When I first started working at our 911 center the hard drives were backed up onto tape. We had to change a bunch of them every night and go through a specific procedure which was a time consuming pain in the butt. It was a relief when the system was upgraded and backup and storage was moved off site, but I do wonder how much more reliable the new system really is.

I started out with cassette tape storage on home computers in the late 1970s. What a miracle when we were able to afford a floppy disc drive. “Home computers” typically used single sided 5 1/4” floppies to begin with. You could buy a notcher so that you could turn them over and use the other side. Some people believed that the dirt collected by the wipers built into the floppy would release the dirt they had collected and they would self destruct when turned over and they were running the opposite direction, but I never had any trouble.

I originally had dual 320 kB double sided dual 5.25” floppies on the first PC XT Clone that I put together. They were upgraded to dual 3.5” 720 kB double density floppies, and then later these were upgraded to 3.5” “1.44 MB” high density drives which became the standard for many years.

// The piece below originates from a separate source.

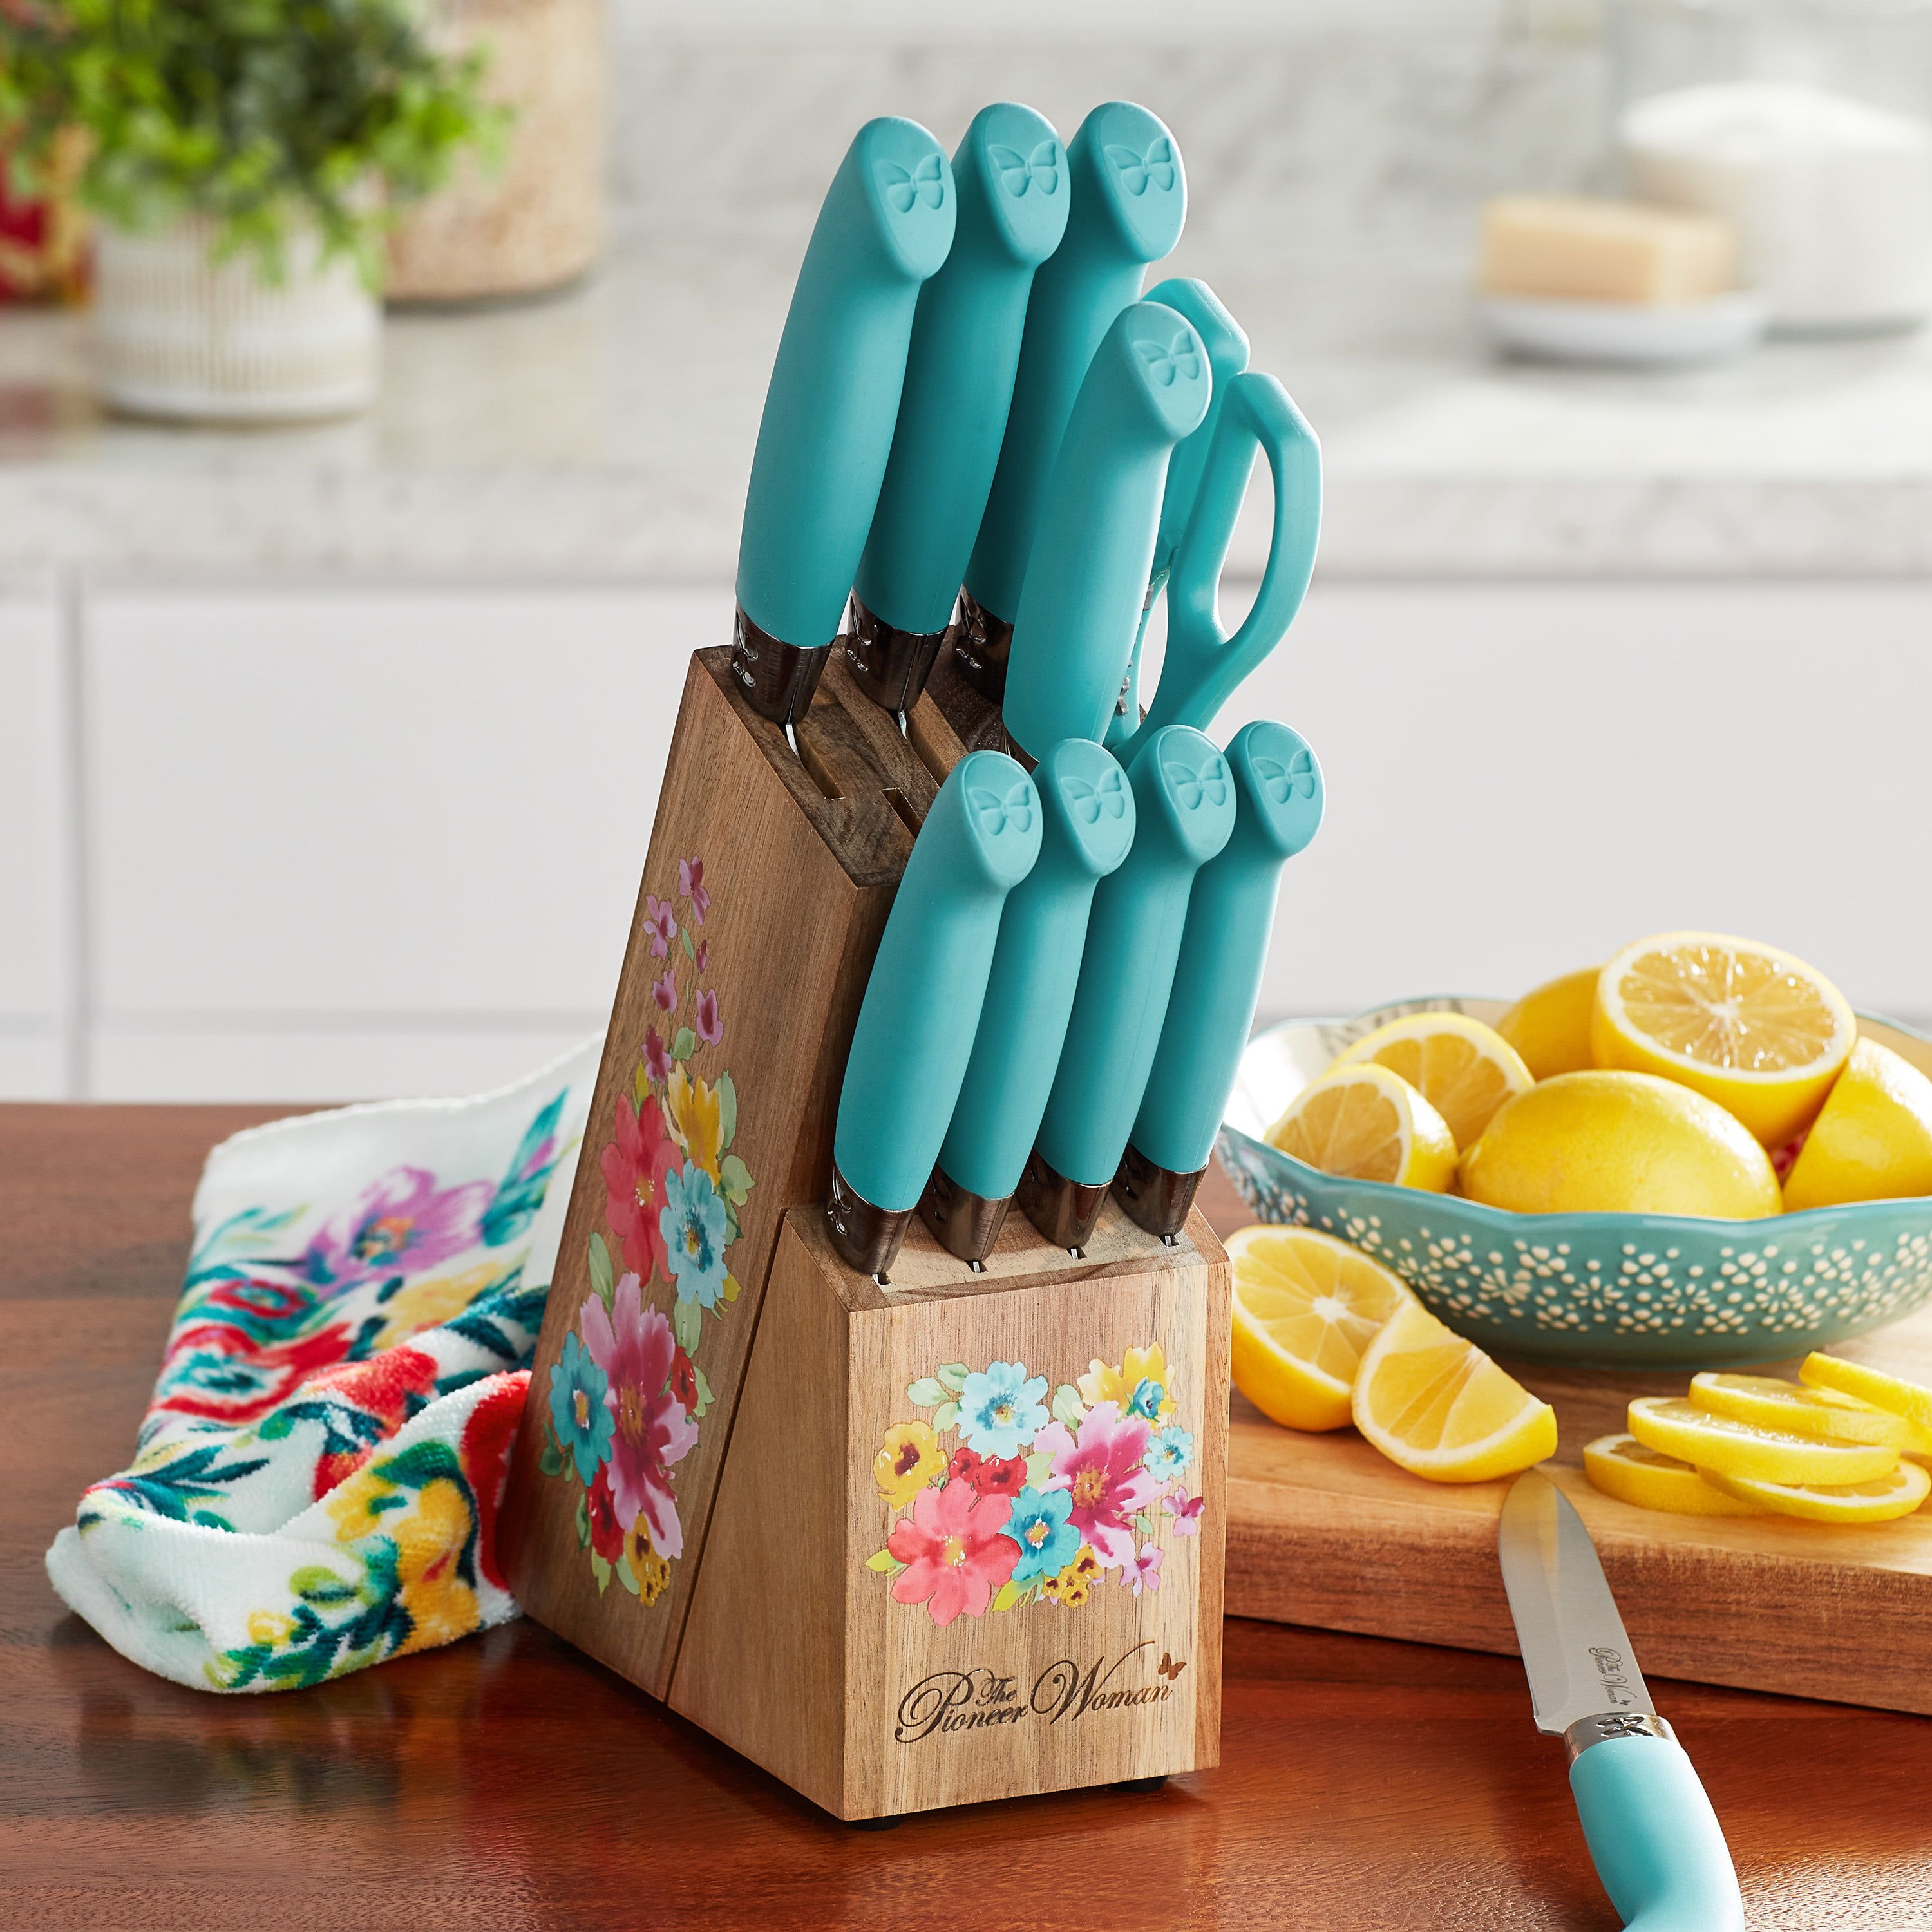 The Pioneer Woman Breezy Blossoms 11-Piece Stainless Steel Knife Block Set

The first hard drive I purchased was for an XT clone that I put together. It was a 10 MB MFM unit that fit in two 5.25” bays and cost 100s of dollars. My first tape drive was a QIC 40 multi-track which could back up 60 MB. I had a program that controlled it and the hard drive and could essentially have the two of them simulate a much larger hard drive with what could sometimes seem like a lot of delay when it had to retrieve something from the tape.

A friend of mine had a controller that worked with a VHS Video tape recorder to store data on video tapes. Video recorders used a rotating head to store the data on the tape not in a straight line but as multiple diaginal lines running across the tape. It stored what seemed like massive amounts of data at the time for much less expense per MB than the QIC tapes but it was a very expensive setup by comparison with some other disadvantages in retreival times as well.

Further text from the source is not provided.